One of the people who championed the change is Dr Penny Burns, Deputy Chair of the RACGP Specific Interests Disaster Management network.

“After a couple of bushfires, GPs have described how their waiting rooms were full, and they arrived early to work to find people waiting at the front door to get in,” she recalls.

“The waiting room fills up with people who are distressed, disoriented and crying, they’ve lost family members, they don’t know where people are, they can’t contact people, their world has changed, and it’s black outside or it smells of smoke.”

Dr Burns has seen general practitioners still picking up the pieces for their patients years after disasters like the Victorian bushfires and Christchurch earthquakes struck.

But what is missing is their involvement in the official emergency response when chaos is unfolding.

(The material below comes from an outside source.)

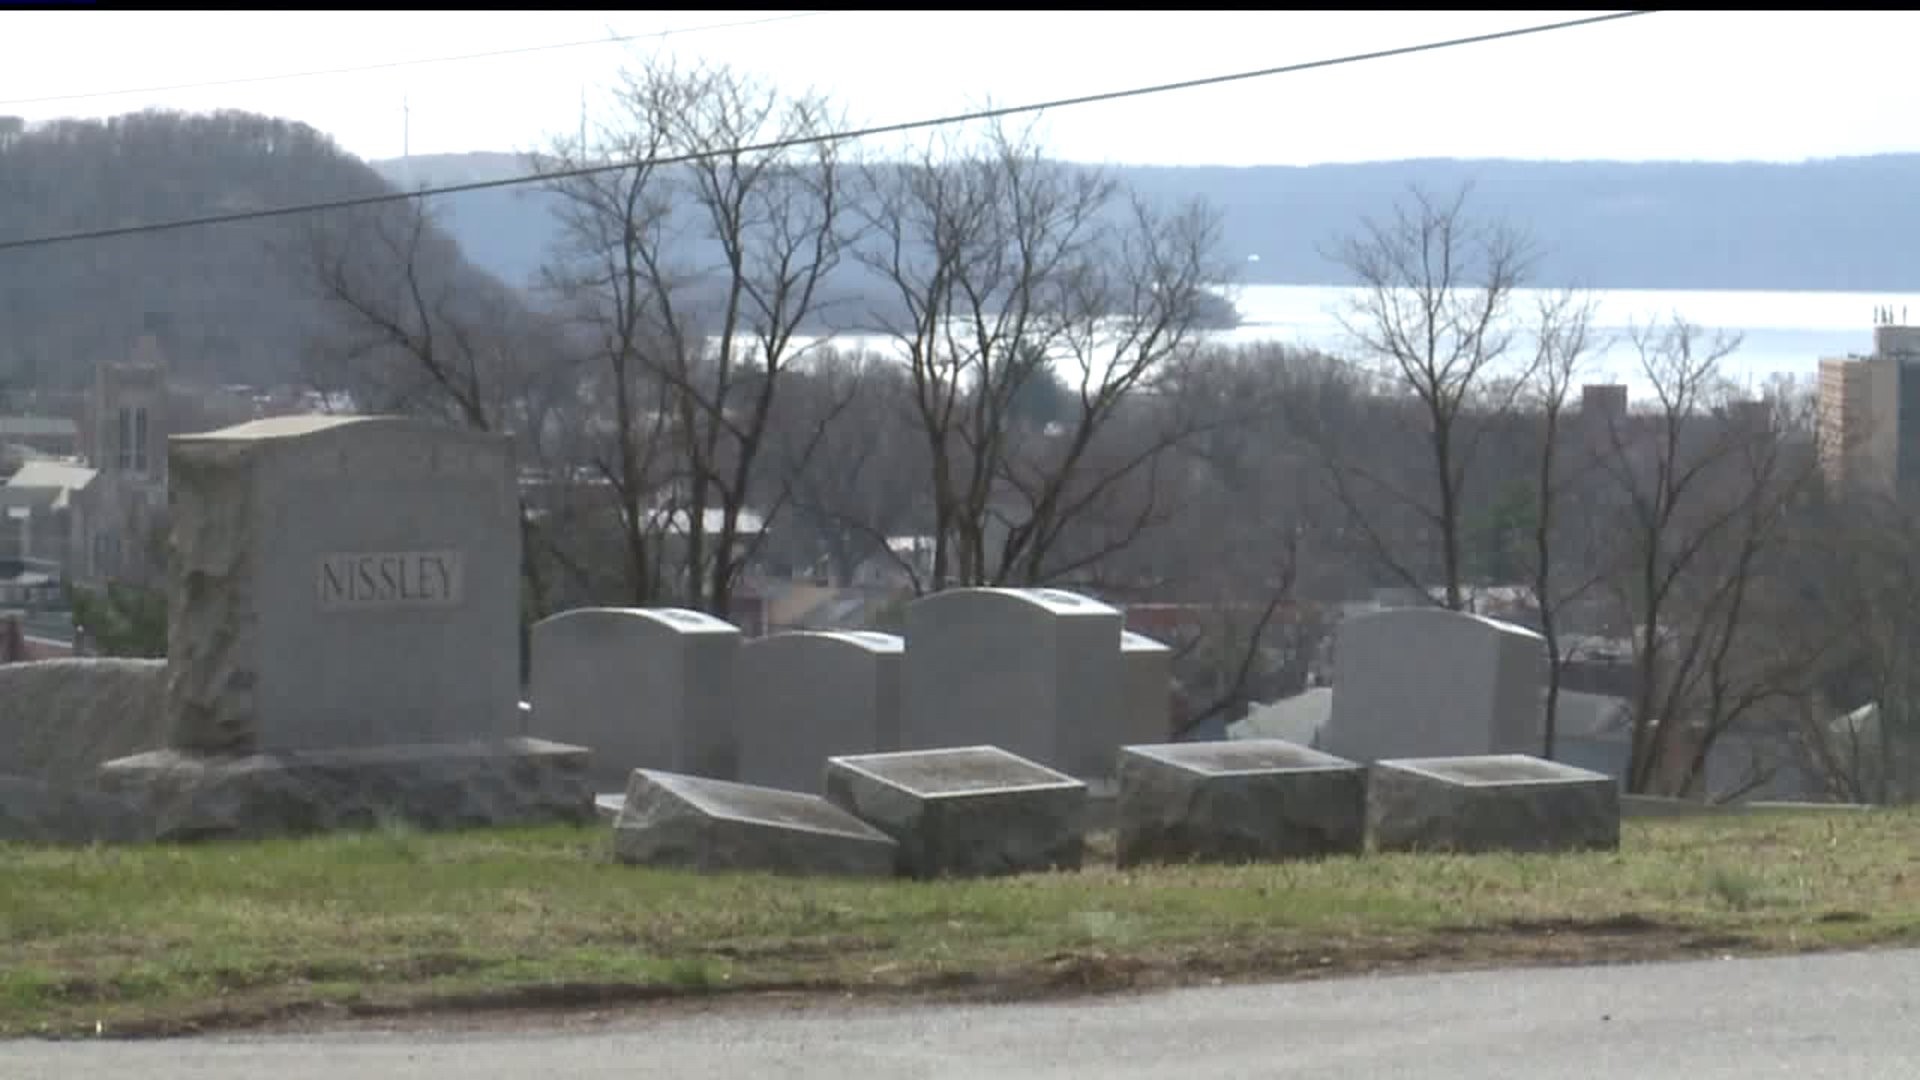 Man pockets memorial money in cemetery scam
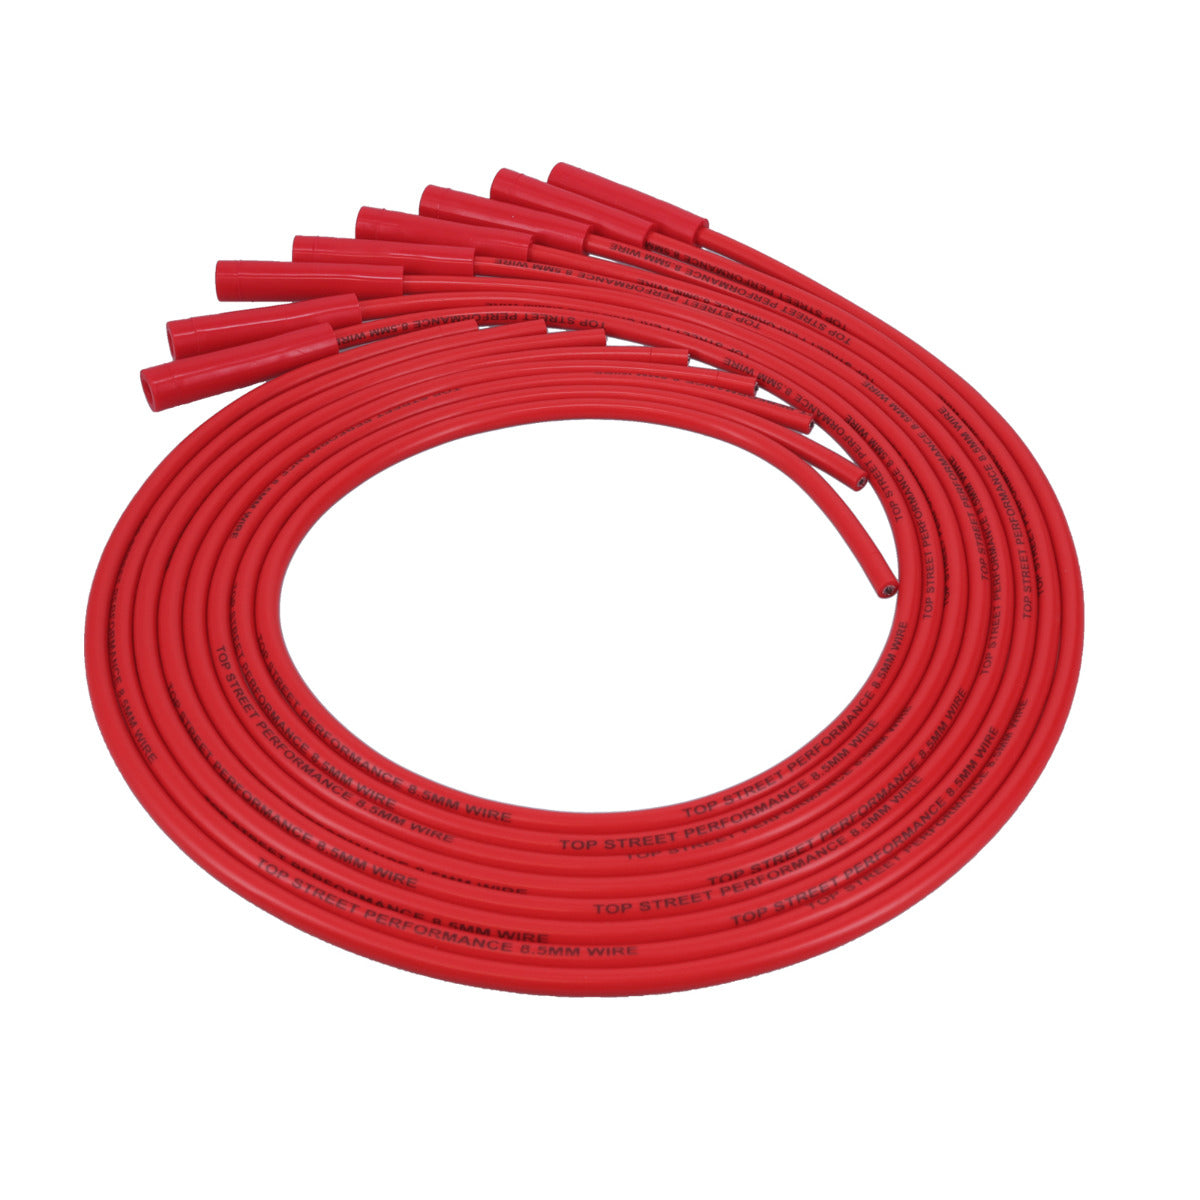 Top Street Performance 81225 8.5mm Universal LS/Lt Spark Plug Spark Plug Wire Set with 180° Plug Boots, Red

Dr Burns is working to change that.

She wants to see doctors included in plans in a similar way to paramedics, who during a response have a clear chain of command, are linked in with emergency services, have access to equipment and are supported when they withdraw.

“They’re also part of the bigger discussion after the event to see what the lessons learnt are,” Dr Burns says.

It’s a different scenario for GPs, who in some regions have gone to evacuation centres and been isolated from the more significant emergency response.

Bushfires preparedness among primary health carers is also patchy from town to town; however, Dr Burns says the model rolled out in the Blue Mountains is being replicated elsewhere.

“We’ve still got a long way to go, and there are a lot of committees meeting at the moment to work out how we can better link GPs in, but their value is being seen.”